The following is an example of a valid match:

$var1, $var2 over 5m

This statement returns $var1 and $var2 (defined in the events section) when the rule finds a match. The time specified is 5 minutes. Events that are more than 5 minute apart are not correlated and therefore ignored by the rule.

Here is another example of a valid match:

$user over 1h

This statement returns $user when the rule finds a match. The time window specified is 1 hour. Events that are more than an hour apart are not correlated. The rule does not consider them to be a detection.

Here is another example of a valid match:

$source_ip, $target_ip, $hostname over 30s

This statement returns $source_ip, $target_ip, and $hostname when the rule finds a match. The time window specified is 30 seconds. Events that are more than 30 seconds apart are not correlated. The rule does not consider them to be a detection.

The following examples illustrate invalid matches:

  • var1, var2 over 5m // invalid variable name
  • $user 1h // missing keyword

Condition section syntax

In the condition section, specify the match condition over events and variables defined in the events section. List match predicates here, joined with the keyword and or or.

The following conditions are bounding conditions. They force the associated event variable to exist, meaning that at least one occurrence of the event must appear in any detection.

  • $var // equivalent to #var > 0
  • #var > n // where n is >= 0
  • #var >= m // where m > 0

The following conditions are non-bounding conditions. They allow the associated event variable to not exist, meaning that it is possible that no occurrence of the event appears in a detection. This enables the making of non-existence rules, which search for the absence of a variable instead of the presence of a variable.
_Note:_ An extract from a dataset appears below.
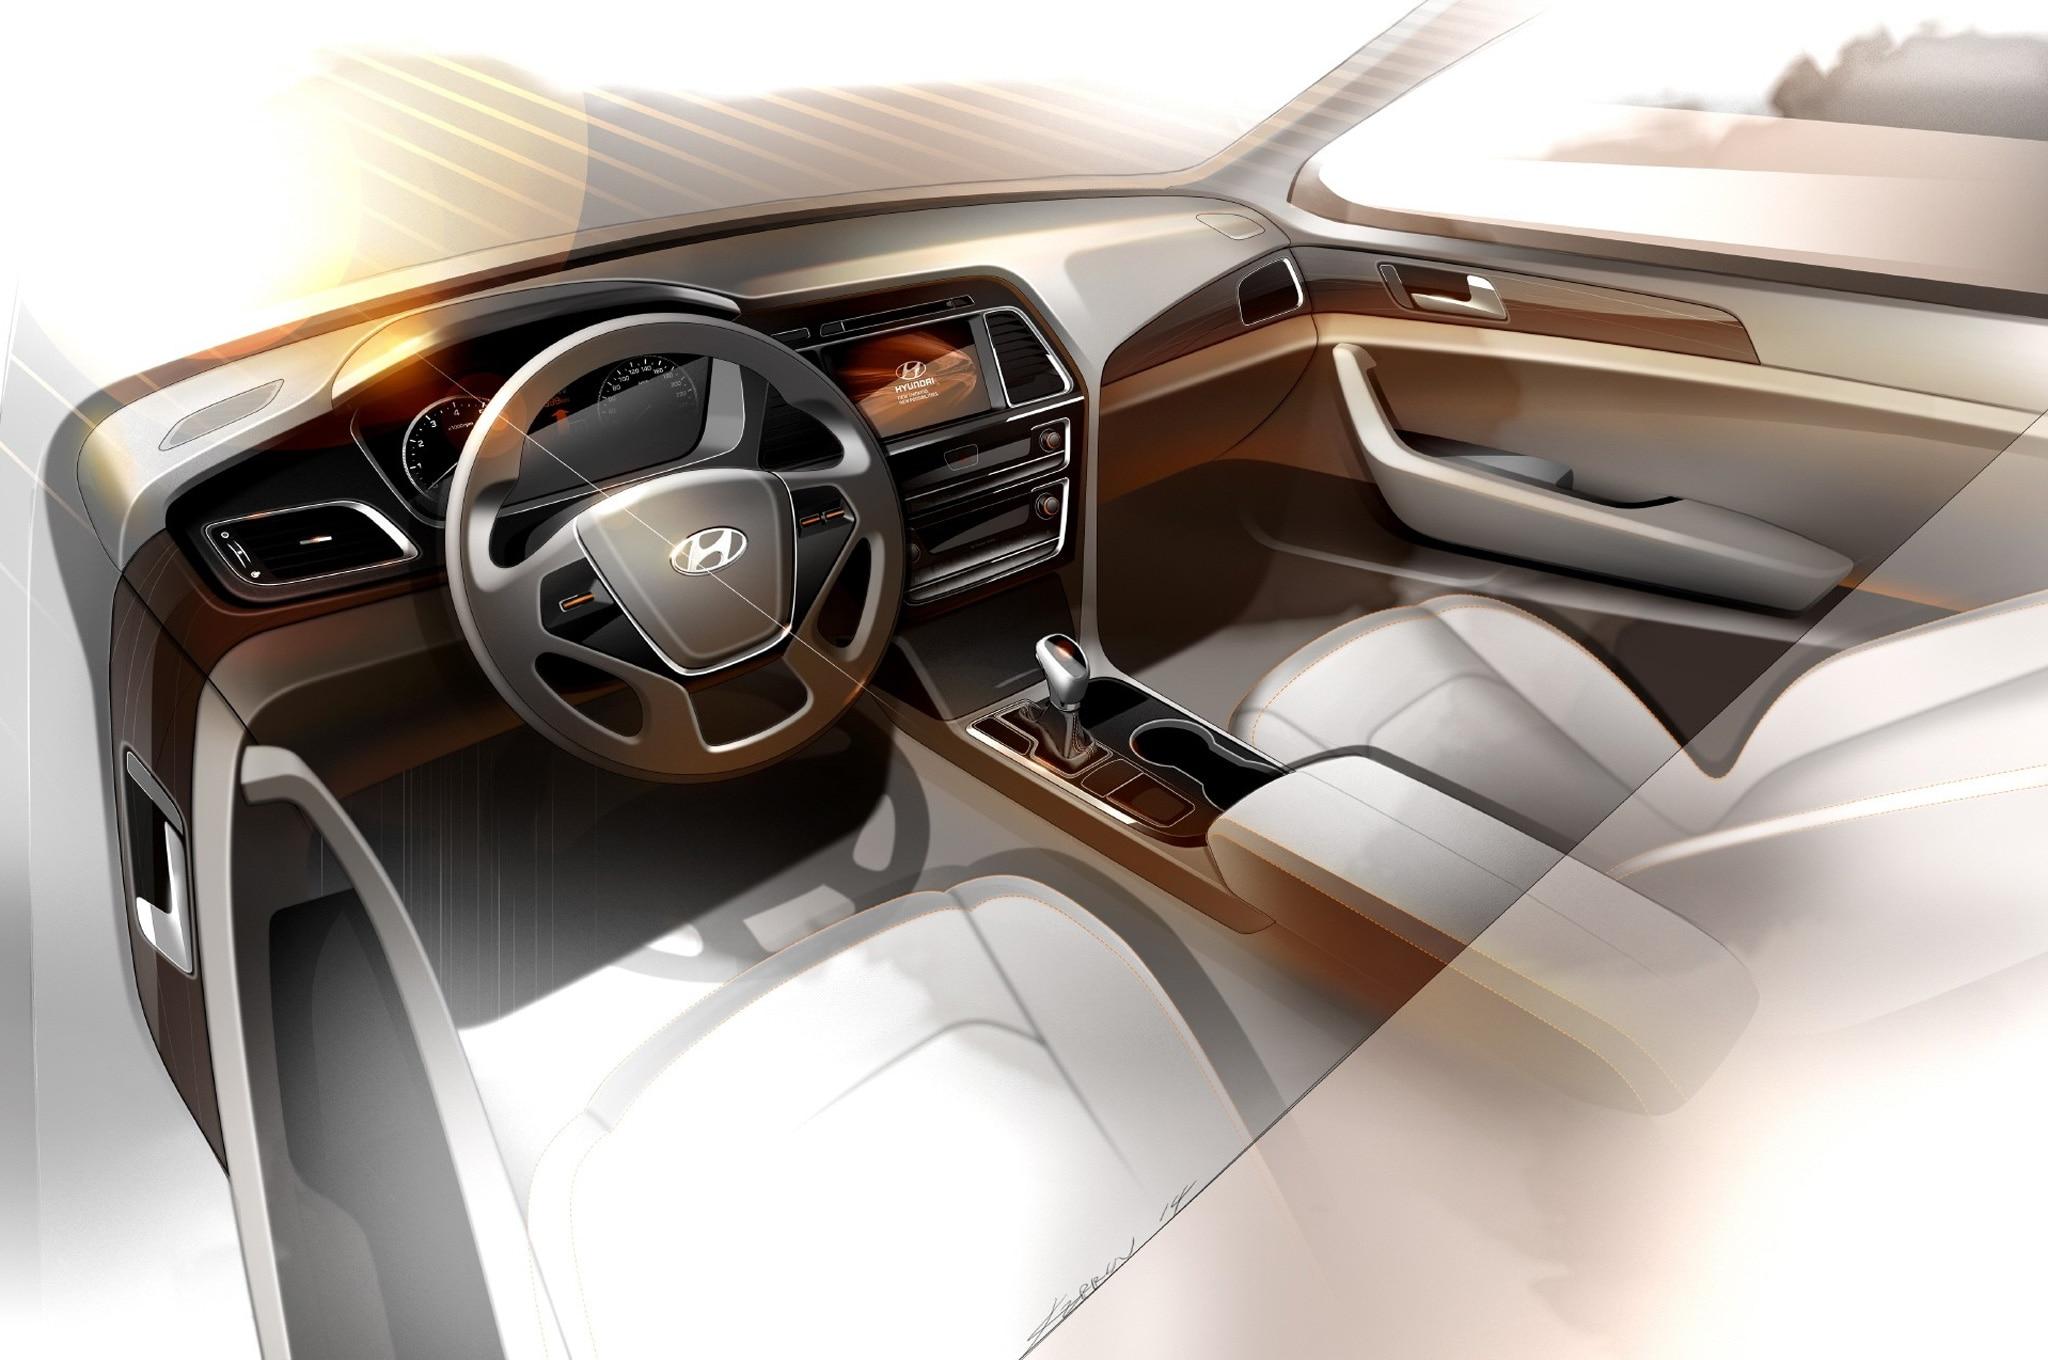 2015 Hyundai Sonata Interior Rendering1

  • !$var // equivalent to #var = 0
  • #var < n // where n is > 0
  • #var <= m // where m >= 0

In the following example, the special character # on a variable (either the event variable or the placeholder variable) represents the count of distinct events or values of that variable:

$e and #port > 50 or #event1 > 2 or #event2 > 1 or #event3 > 0

The following non-existence example is also valid and evaluates to true if there are more than two distinct events from $event1, and zero distinct events from $event2:

#event1 > 2 and !$event2

The following are examples of invalid predicates:

  • $e, #port > 50 // incorrect keyword usage
  • $e or #port < 50 // or keyword not supported with non-bounding conditions

Regular expressions

You can define regular expressions in YARA-L 2.0 using either of the following syntax:

  • Using YARA syntax––Related to events. The following is a generic representation of this syntax: $e.field = /regex/
  • Using YARA-L syntax––As a function taking in the following parameters:
    • Field to apply regular expression to.
    • Regular expression specified as a string. You can use the nocase modifier after strings to indicate that the search should ignore capitalization. The following is a generic representation of this syntax: re.regex($e.field, `regex`)

To match the exact string or only a prefix or suffix, include the ^ (starting) and $ (ending) anchor characters in the regular expression.

For example, /^full$/ matches "full" exactly, while /full/ could match "fullest", "lawfull", and "joyfully".

Raw strings

You can use YARA-L 2.0 to search for a raw string within your enterprise event data.

To search for a raw string, enclose the string in backtick characters (`) instead of double quotes (").

The backtick indicates that the contents of the string are to be interpreted literally (escape characters will not be parsed).